Data extract:
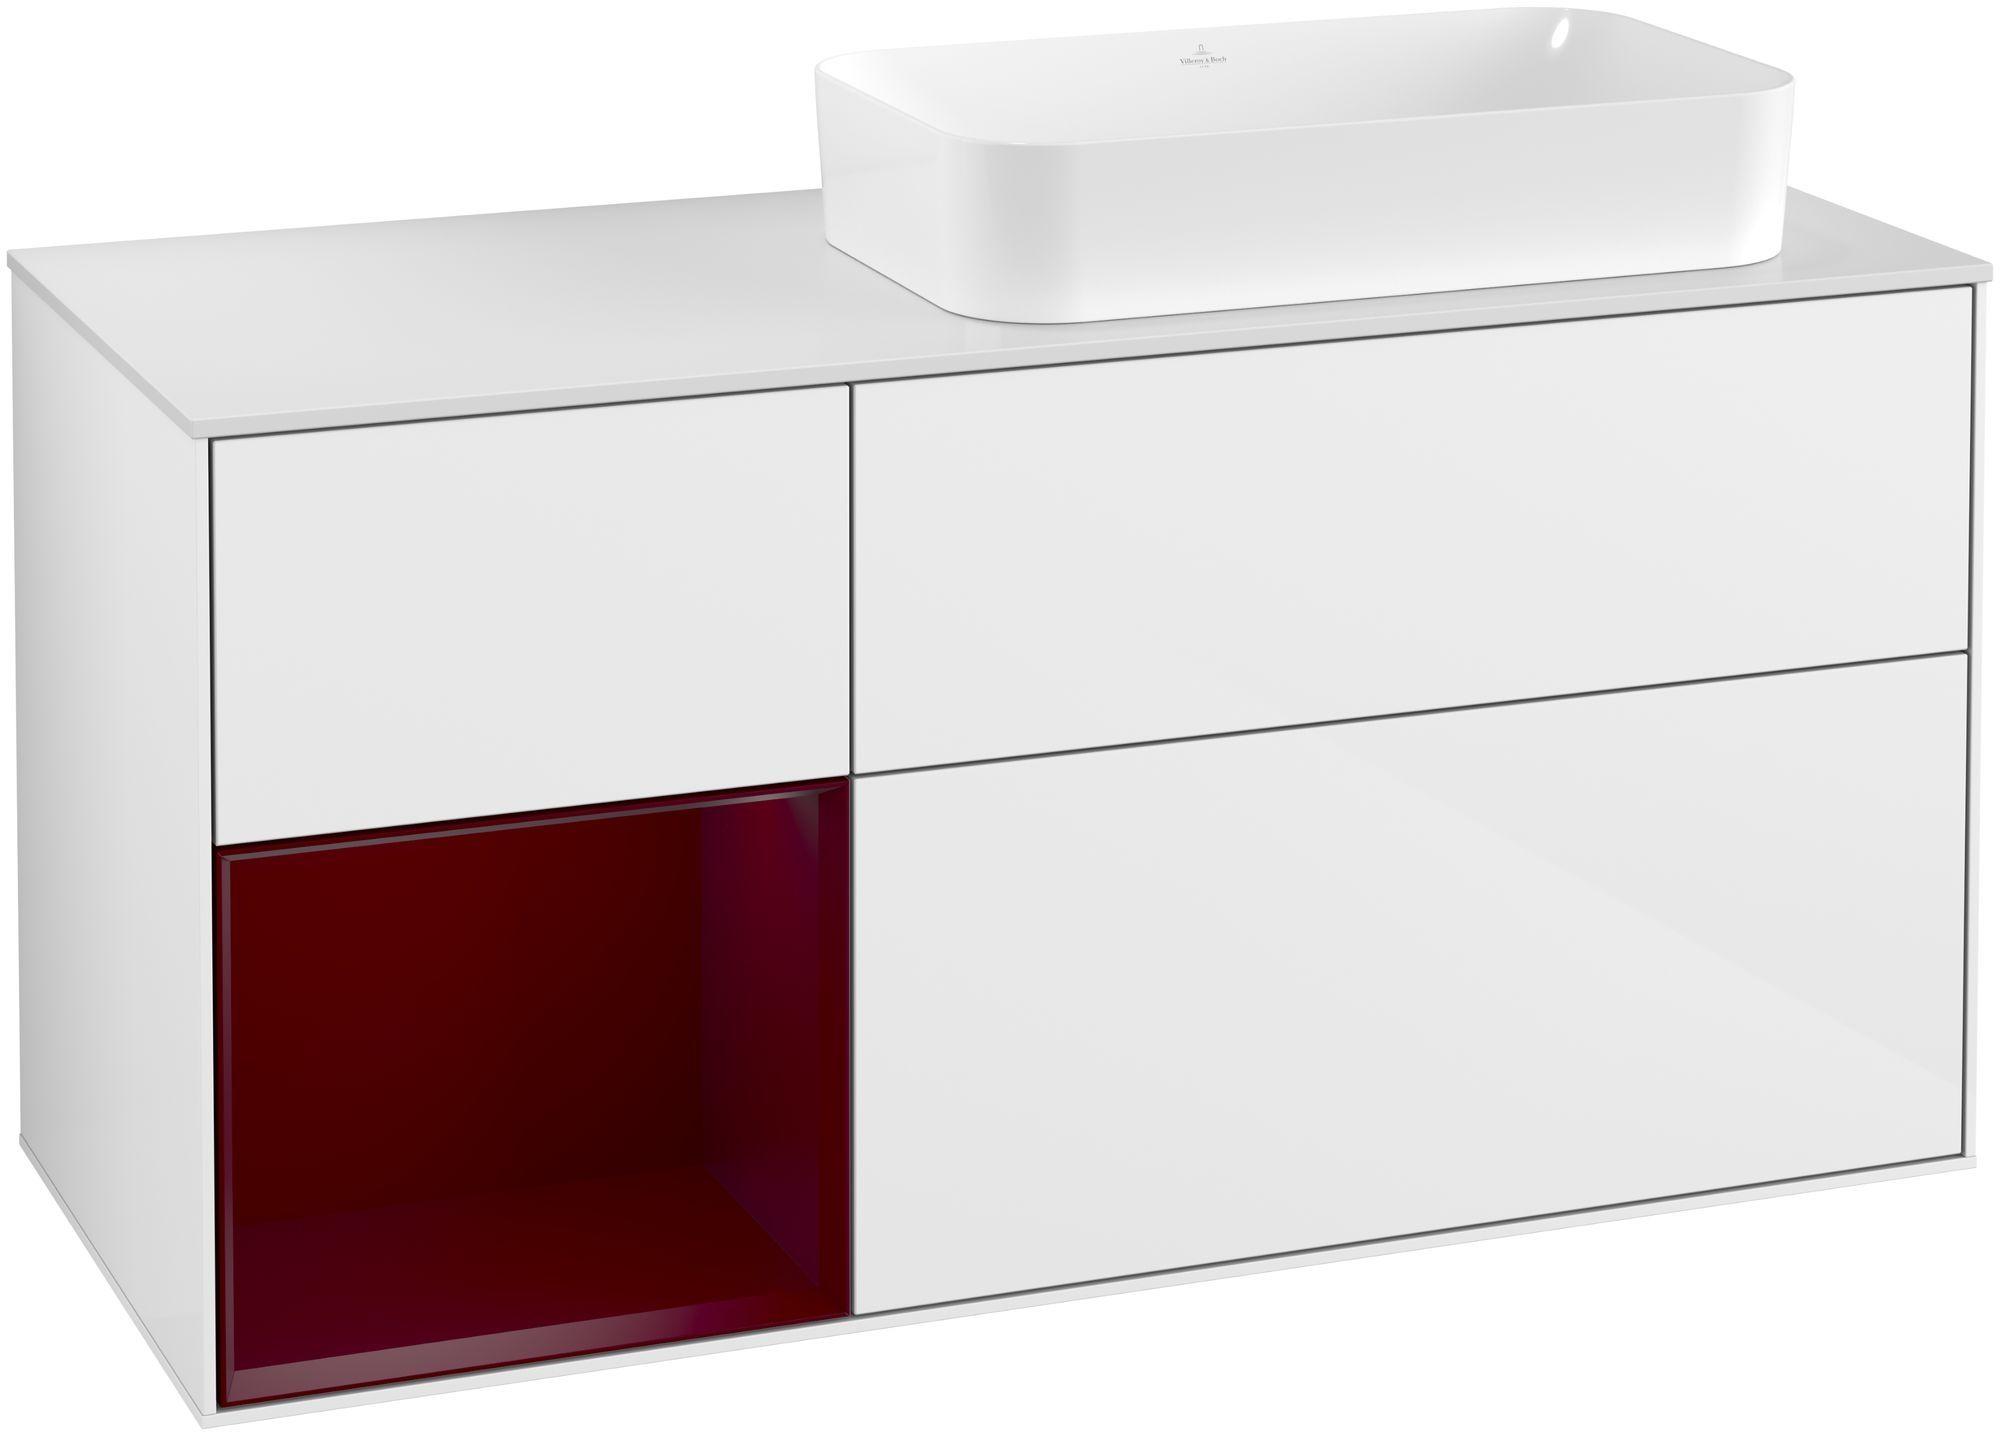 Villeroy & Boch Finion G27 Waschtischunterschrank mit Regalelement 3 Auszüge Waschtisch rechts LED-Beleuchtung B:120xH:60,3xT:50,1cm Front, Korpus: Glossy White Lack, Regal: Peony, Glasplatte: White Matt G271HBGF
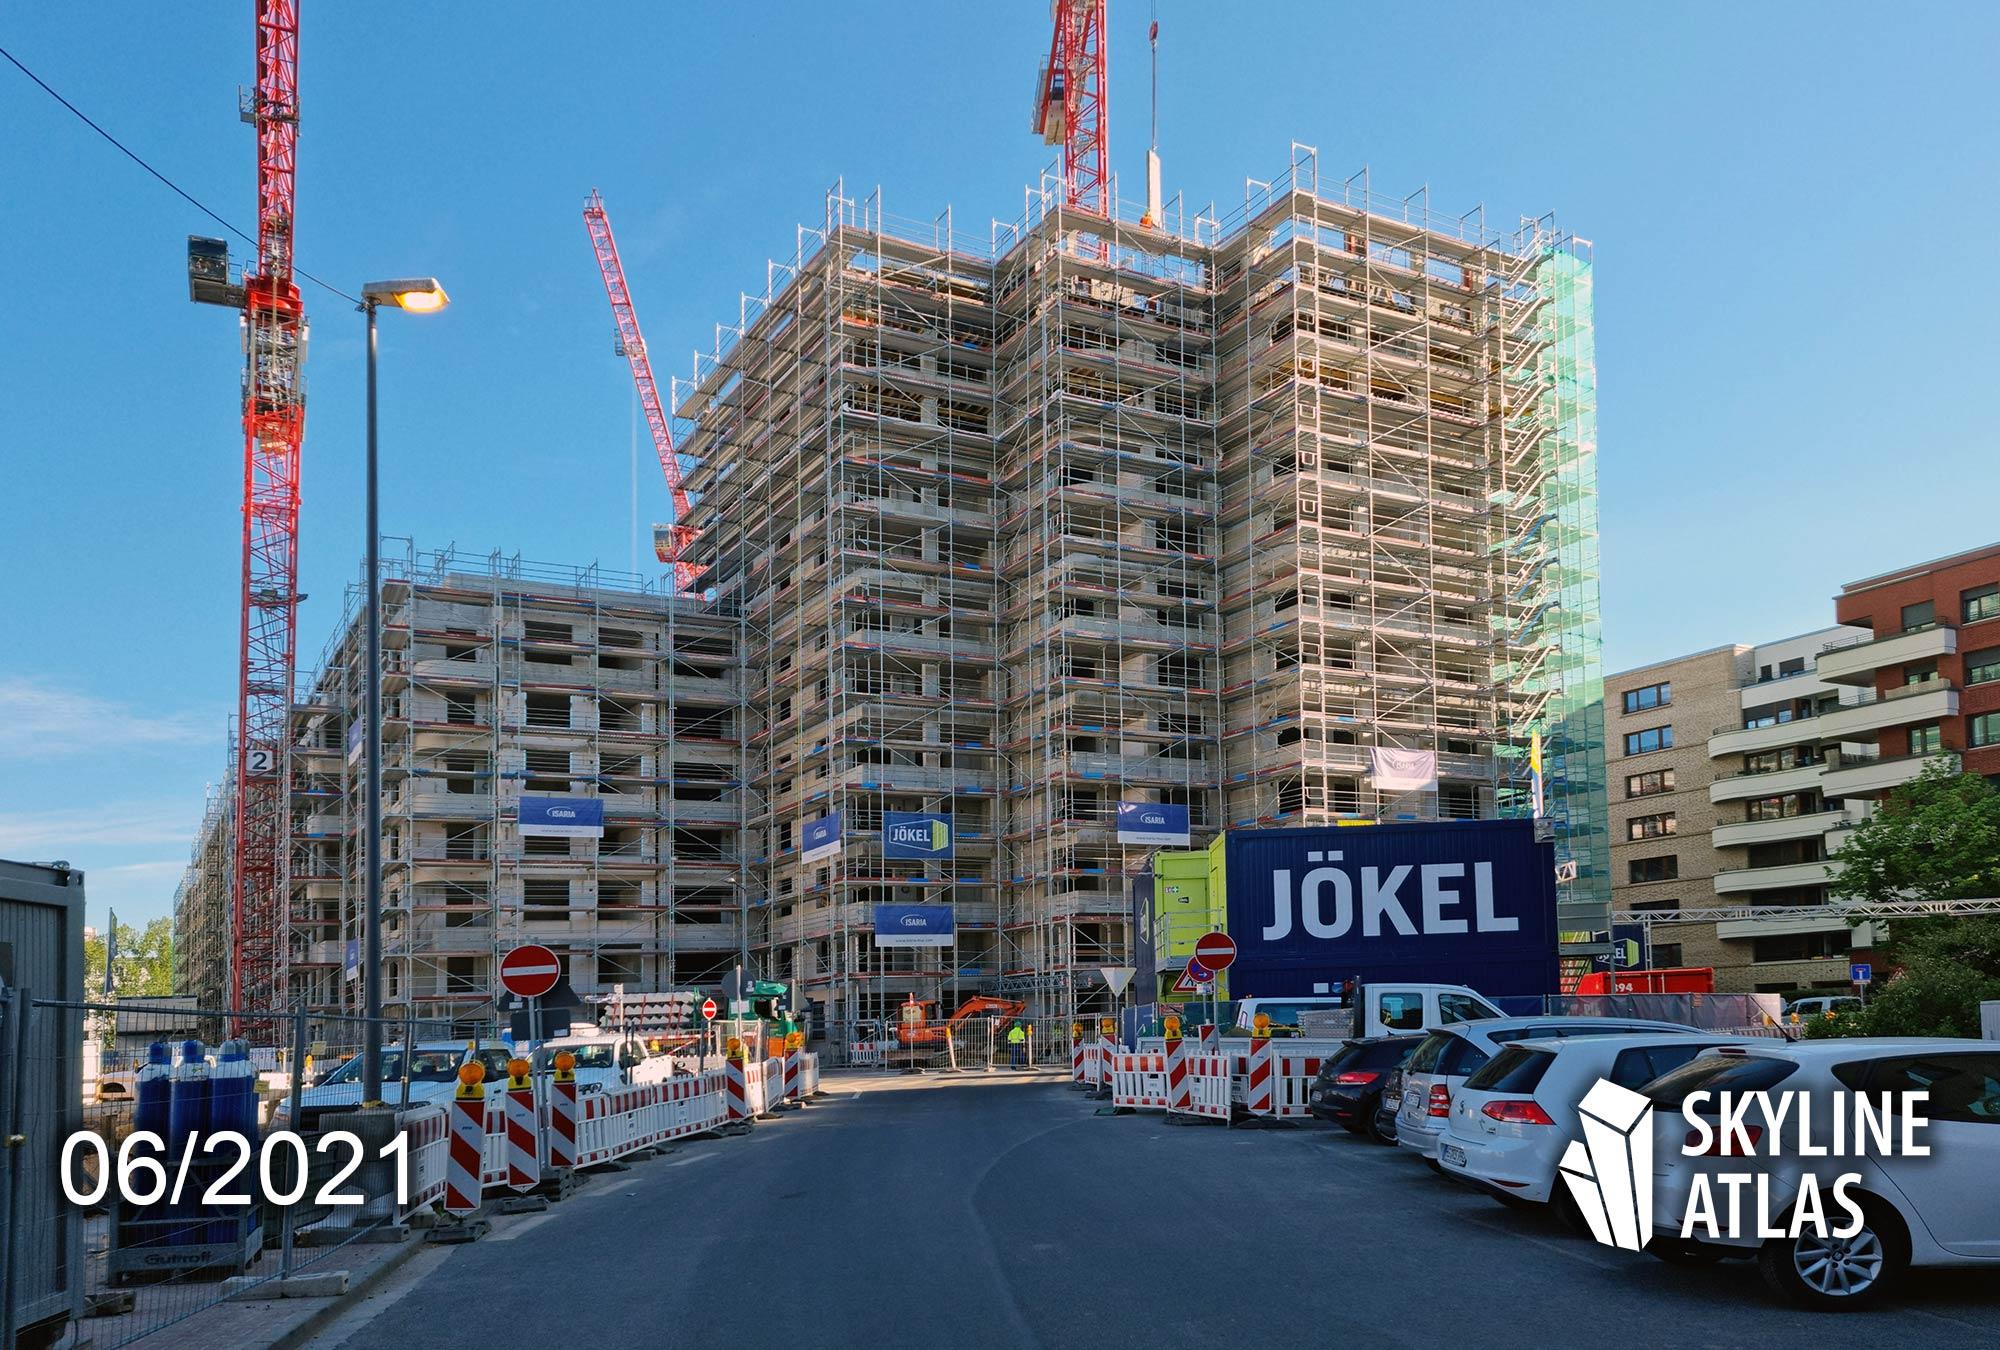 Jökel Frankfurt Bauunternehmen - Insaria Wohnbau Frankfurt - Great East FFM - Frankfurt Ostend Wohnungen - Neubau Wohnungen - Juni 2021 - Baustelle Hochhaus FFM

...

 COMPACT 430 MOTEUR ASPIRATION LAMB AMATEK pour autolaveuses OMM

Instructions for the task:
For this task, return exactly the stretch of the listing above from the line with "Villeroy & Boch" through the line with "Jökel Frankfurt Bauunternehmen", inclusive and without pictures.

Solution below:
 Villeroy & Boch Finion G27 Waschtischunterschrank mit Regalelement 3 Auszüge Waschtisch rechts LED-Beleuchtung B:120xH:60,3xT:50,1cm Front, Korpus: Glossy White Lack, Regal: Peony, Glasplatte: White Matt G271HBGF
 Jökel Frankfurt Bauunternehmen - Insaria Wohnbau Frankfurt - Great East FFM - Frankfurt Ostend Wohnungen - Neubau Wohnungen - Juni 2021 - Baustelle Hochhaus FFM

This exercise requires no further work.